A dilemma for Clinton fight GOP or scale back

November 10, 1994|By JACK GERMOND & JULES WITCOVER

WASHINGTON -- For all of President Clinton's efforts to make the best of the midterm election disaster that has hit him and his Democratic Party, he is faced now not only with the problem of salvaging any substantial semblance of his legislative agenda but also with the task of reviving his personal political prospects for re-election in 1996.

Clinton's talk of cooperation with the first Republican-controlled Congress in four decades reflects more hope than an appreciation of the political reality.

The GOP, coming in out of the wilderness after so long, is already gearing up to press its own agenda on a beleaguered president of the opposition party.

He obviously must scale back his ambitious health care reform plans of this year to the features that most congressional Republicans have already said they will buy, most notably portability of insurance coverage and coverage for pre-existing conditions.

But the notion of universal coverage as he first introduced it is out the window, as are his most ambitious proposals for welfare reform.

The Republicans, having made specific pledges in their "Contract With America" to bring to a speedy vote long-stymied proposals of their own, including a balanced-budget constitutional amendment, the line-item veto and term limits, can be counted on to fulfill those pledges or jeopardize the credibility with the voters they won on Tuesday.

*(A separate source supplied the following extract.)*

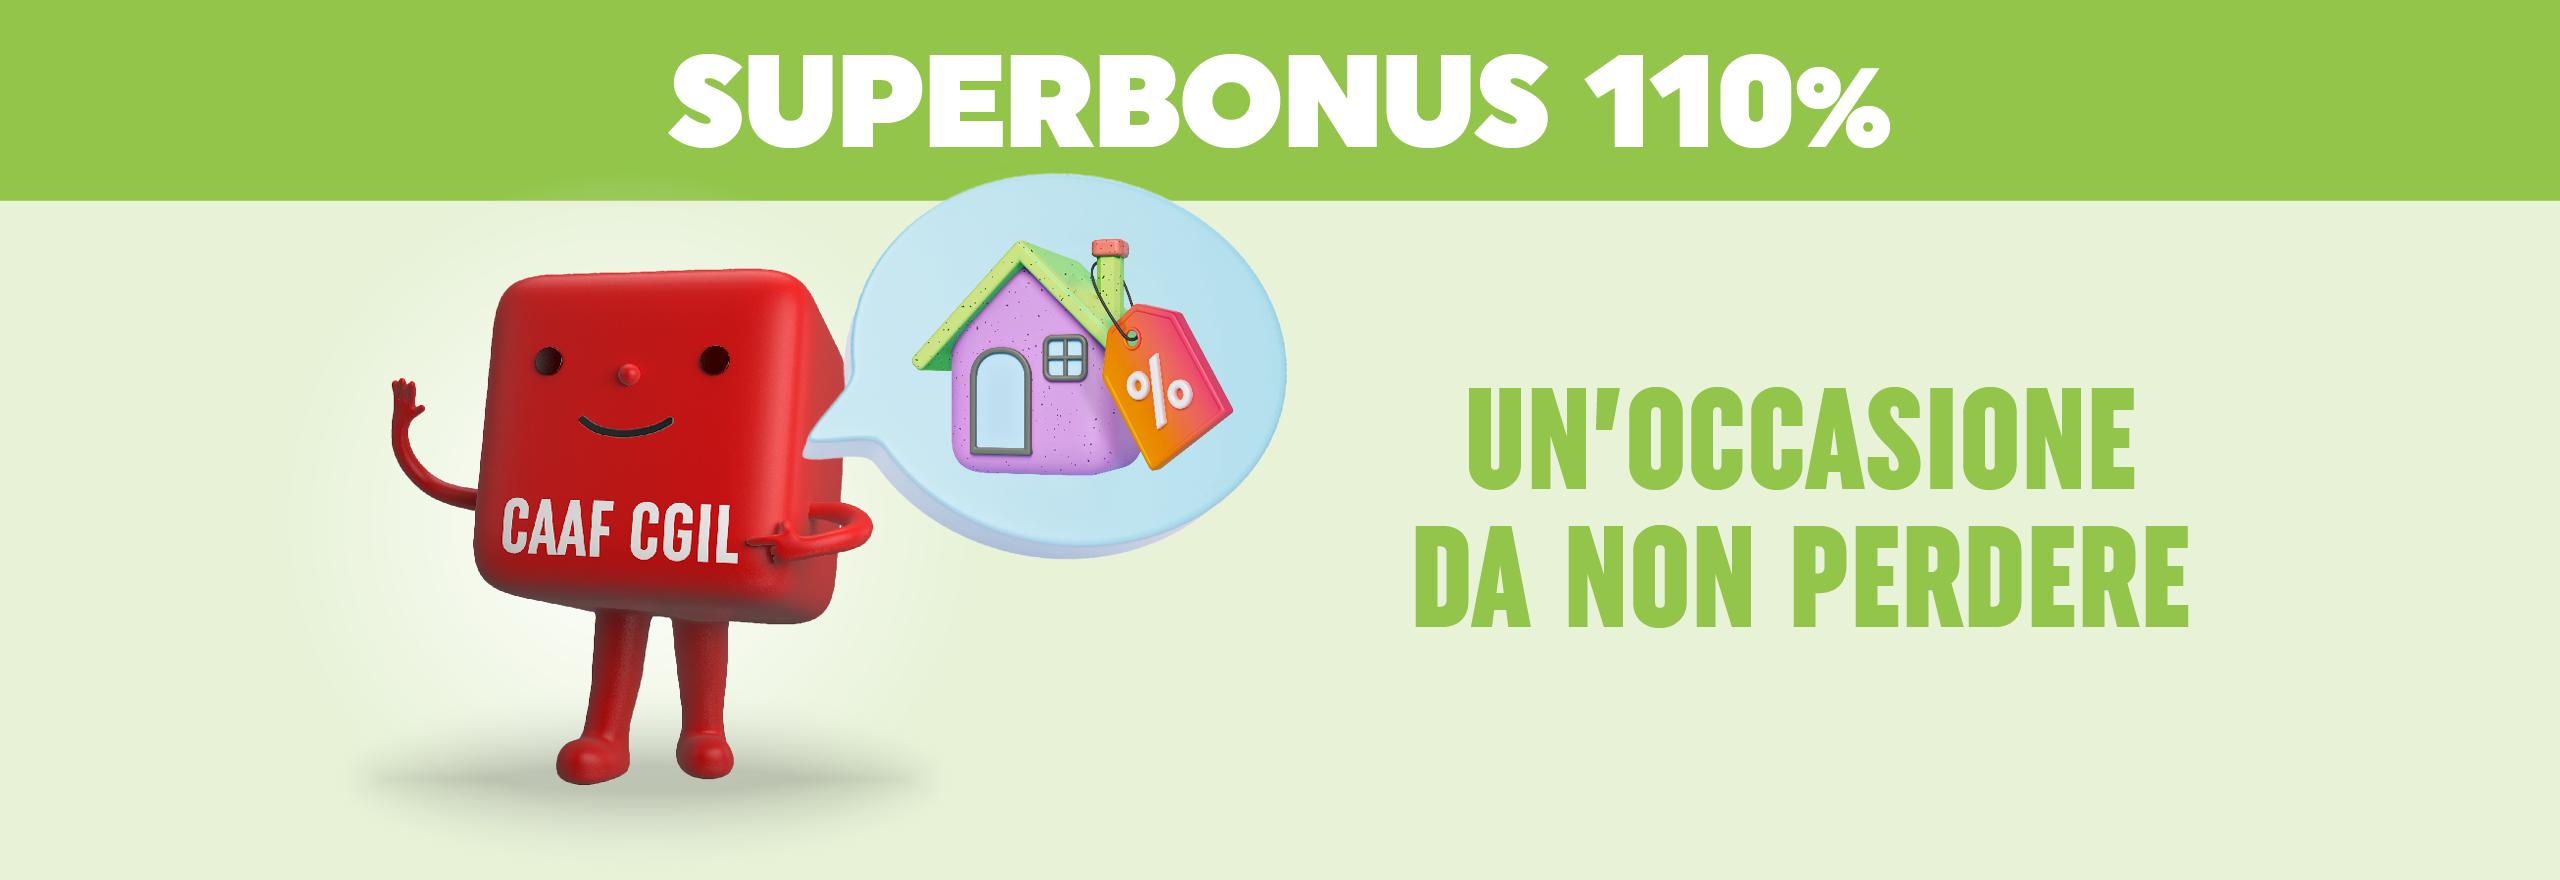 Caaf Emilia Romagna - Bonus 110% un occasione da non perdere

This prospect will confront the president with the need to decide whether after two years of never using his legislative veto power to invoke it -- at the risk of incurring the same charges of obstructionism he laid on the Republicans this fall. Those charges didn't stem the GOP election tide, but used against him by Republicans so overwhelmingly elected by voters fed up with gridlock, they could dig an even deeper political hole for him.

Clinton's problems are not merely the presence of a Republican congressional majority, either. His own party has a serious dichotomy between old liberals who see him as too accommodating to conservatives and conservatives who paint him as a liberal.

His efforts to cast himself as a middle-road "New Democrat" have foundered, and any further move to the right to assuage the newly powerful Republicans will alienate even more the liberals who remain an important base in the party.

Just as Southern and other conservative Democrats fell in with Re- publicans to form the "boll weevil" coalition that gave President Ronald Reagan his earliest legislative victories in 1981, they can be counted on to do the same over the next two years in opposition to their own president unless he adopts a more modest domestic agenda.

The president's weakness in the South and West is partly but not entirely personal. Both regions are becoming increasingly identified with the Republican Party, as clearly demonstrated in the midterm results, imperiling his re-election chances.

It is clear from all this that a major overhaul of the Democratic Party is needed if it is to retain the White House in 1996, behind Clinton or someone else.

Its image as the promoter of activist government, even in the "New Democratic" trappings of Bill Clinton, has been emphatically rejected by the voters.

He got little or no credit for the country's economic recovery or much of anything else in an election that was much more anti-Democratic and anti-Clinton than anti-incumbent, since all Republican incumbents in the House and Senate survived.

Only two years ago, Clinton and the Democrats were joyously driving what they thought was the last nail in the coffin of Reaganism, in their defeat of George Bush.

Now, the basic conservative approach of less government, less taxes, more defense spending and somehow a balanced budget has been resurrected, and it is Clinton and the Democratic Party who are hearing the political last rites pronounced over them.

For the president and his party, it is an unpromising dilemma -- to trim their sails in the hope of bipartisanship with an opposition that now holds the high cards, or to dig in and buck that opposition, with the hope that voters who have already repudiated Clinton and the Democrats will somehow regain their faith in the activist government they represent.